Beneath this line are the data; copy exactly the part of them that opens with the line containing "清华大学2016年中国市级政府财政透明度研究报告" and closes with the line containing "3-Day Tour of Galveston Harbor", and only that part.

Extracted material =
--------------------------------

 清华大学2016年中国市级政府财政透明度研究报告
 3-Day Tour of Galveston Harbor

--------------------------------

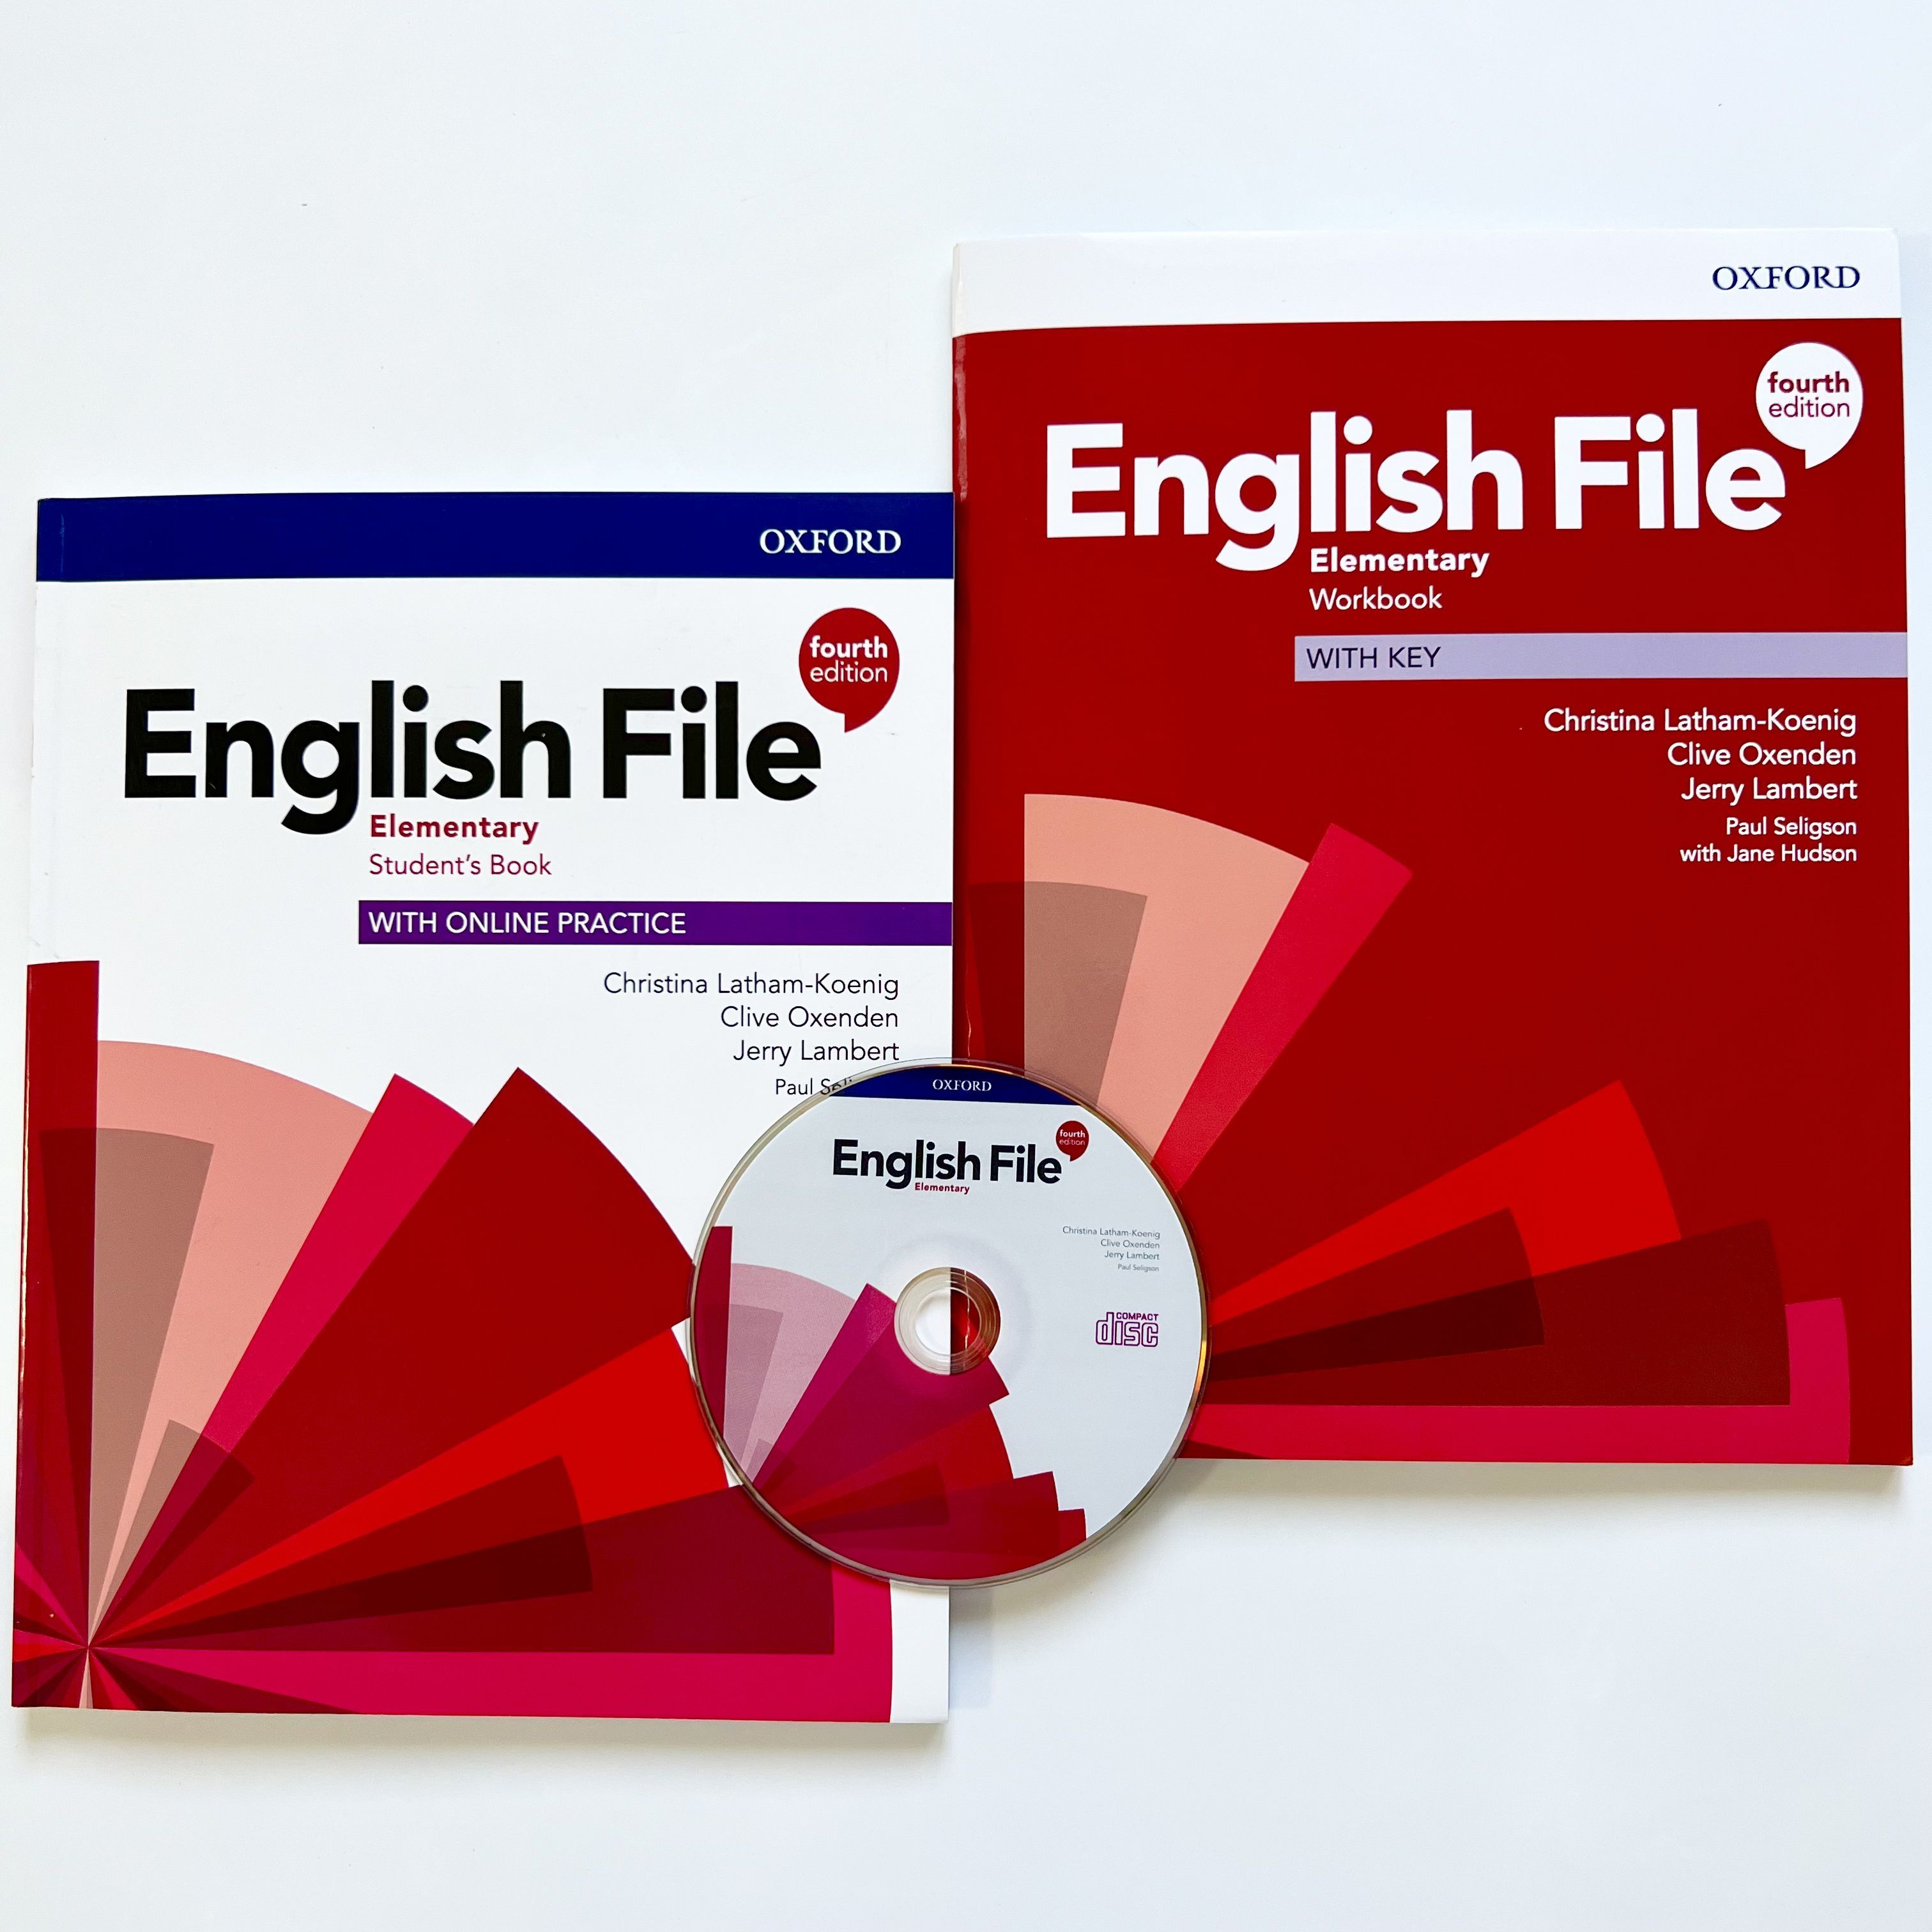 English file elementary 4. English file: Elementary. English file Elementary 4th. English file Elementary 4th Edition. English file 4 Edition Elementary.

--------------------------------

Solution for this task =
 清华大学2016年中国市级政府财政透明度研究报告
 3-Day Tour of Galveston Harbor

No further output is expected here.